§ **WORK REQUEST**
Nothing below is to be printed except the lines between the line holding "Violentas protestas cerca" and the line holding "Купить Кукла Белла", inclusive, each exactly as it appears.

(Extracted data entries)
○ ○ ○ ○ ○
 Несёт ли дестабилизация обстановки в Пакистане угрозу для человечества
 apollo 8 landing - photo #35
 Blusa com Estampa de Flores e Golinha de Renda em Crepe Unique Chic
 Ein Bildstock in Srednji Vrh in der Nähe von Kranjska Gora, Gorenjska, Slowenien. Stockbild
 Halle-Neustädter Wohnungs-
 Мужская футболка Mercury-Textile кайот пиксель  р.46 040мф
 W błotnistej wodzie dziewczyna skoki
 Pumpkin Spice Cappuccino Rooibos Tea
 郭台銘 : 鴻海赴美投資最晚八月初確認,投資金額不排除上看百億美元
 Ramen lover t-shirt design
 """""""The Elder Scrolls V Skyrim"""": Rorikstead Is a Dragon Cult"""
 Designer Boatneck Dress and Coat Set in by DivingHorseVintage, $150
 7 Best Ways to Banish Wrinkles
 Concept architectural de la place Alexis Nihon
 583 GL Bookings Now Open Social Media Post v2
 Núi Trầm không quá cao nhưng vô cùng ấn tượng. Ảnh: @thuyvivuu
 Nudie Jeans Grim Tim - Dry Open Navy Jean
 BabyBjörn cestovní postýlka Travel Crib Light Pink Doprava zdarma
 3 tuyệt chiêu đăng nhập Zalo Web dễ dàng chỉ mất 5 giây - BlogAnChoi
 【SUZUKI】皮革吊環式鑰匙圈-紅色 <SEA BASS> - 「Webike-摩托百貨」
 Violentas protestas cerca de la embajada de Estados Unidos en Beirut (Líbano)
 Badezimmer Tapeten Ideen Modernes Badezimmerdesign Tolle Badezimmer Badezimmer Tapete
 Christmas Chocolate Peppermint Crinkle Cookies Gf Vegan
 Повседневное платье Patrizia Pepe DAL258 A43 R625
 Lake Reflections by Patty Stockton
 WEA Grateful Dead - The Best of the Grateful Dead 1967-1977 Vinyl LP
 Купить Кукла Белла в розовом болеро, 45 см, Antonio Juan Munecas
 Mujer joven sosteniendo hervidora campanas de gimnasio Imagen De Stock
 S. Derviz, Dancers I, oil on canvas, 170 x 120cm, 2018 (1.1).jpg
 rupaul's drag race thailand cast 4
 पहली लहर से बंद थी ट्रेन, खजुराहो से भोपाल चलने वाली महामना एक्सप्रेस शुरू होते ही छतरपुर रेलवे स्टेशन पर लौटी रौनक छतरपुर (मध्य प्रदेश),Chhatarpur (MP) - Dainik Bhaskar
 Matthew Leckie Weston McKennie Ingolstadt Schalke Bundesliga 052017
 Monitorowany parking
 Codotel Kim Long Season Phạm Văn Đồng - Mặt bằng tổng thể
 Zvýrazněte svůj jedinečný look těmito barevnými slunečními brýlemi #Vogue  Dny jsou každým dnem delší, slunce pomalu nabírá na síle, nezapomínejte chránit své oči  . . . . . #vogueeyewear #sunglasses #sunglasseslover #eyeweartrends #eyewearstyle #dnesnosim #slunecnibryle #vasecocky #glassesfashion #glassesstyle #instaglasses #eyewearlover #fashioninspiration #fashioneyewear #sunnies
○ ○ ○ ○ ○
§ **OUTPUT BELOW**
 Violentas protestas cerca de la embajada de Estados Unidos en Beirut (Líbano)
 Badezimmer Tapeten Ideen Modernes Badezimmerdesign Tolle Badezimmer Badezimmer Tapete
 Christmas Chocolate Peppermint Crinkle Cookies Gf Vegan
 Повседневное платье Patrizia Pepe DAL258 A43 R625
 Lake Reflections by Patty Stockton
 WEA Grateful Dead - The Best of the Grateful Dead 1967-1977 Vinyl LP
 Купить Кукла Белла в розовом болеро, 45 см, Antonio Juan Munecas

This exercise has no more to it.